Michael Emmet Walsh (born March 22, 1935) is an American actor who has appeared in over 200 films and television series, including small but important supporting roles in dozens of major studio features of the 1970s and 1980s. He starred in Blood Simple (1984), the Coen Brothers' first film  for which he won the Independent Spirit Award for Best Male Lead. He also appeared in Carl Reiner's comedy The Jerk (1979), Robert Redford's drama Ordinary People (1980), Ridley Scott's science fiction film Blade Runner (1982), Barry Sonnenfeld's steampunk western Wild Wild West (1999) and Brad Bird's animated film The Iron Giant (1999). Roger Ebert said that "No movie featuring either Harry Dean Stanton or M. Emmet Walsh in a supporting role can be altogether bad."

Early life 
Walsh was born in Ogdensburg, New York, the son of Agnes Katharine (née Sullivan) and Harry Maurice Walsh Sr., a customs agent. He is of Irish descent. He was raised in rural Swanton, Vermont, and attended Clarkson University.

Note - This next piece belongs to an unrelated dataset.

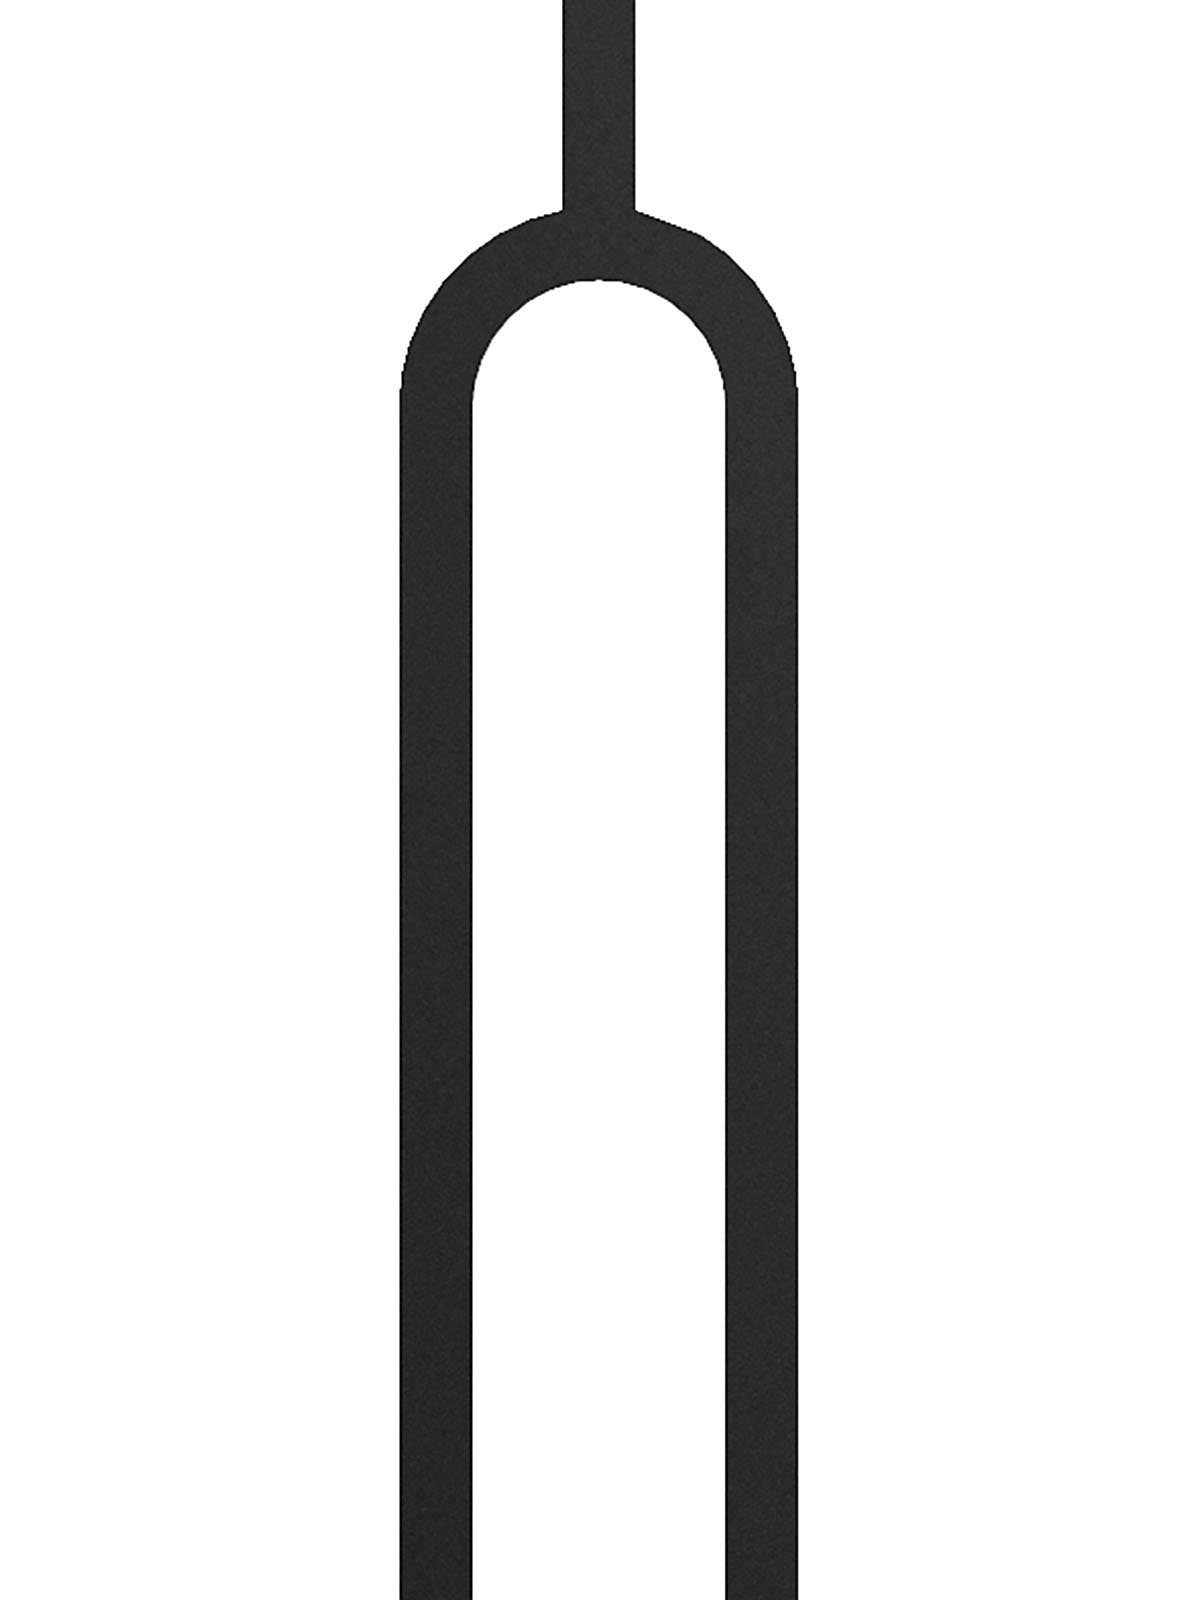 Mega Iron Baluster 9988 - 3/4" Square - Contemporary Hoop Oval

He graduated in 1958 (B.A., Business Administration). In 1998, the Clarkson Alumni Association presented him with the Golden Knight Award.

Career 

Walsh came to prominence in the 1978 crime film Straight Time, in which he played a parole officer. He also had a small but memorable role as a crazed sniper in the Steve Martin comedy The Jerk. One of his best-known roles was Captain Harry Bryant in Ridley Scott's cult film Blade Runner. His most acclaimed performance was arguably the double-crossing private detective in Blood Simple (1984), for which he won the 1986 Independent Spirit Award for Best Male Lead.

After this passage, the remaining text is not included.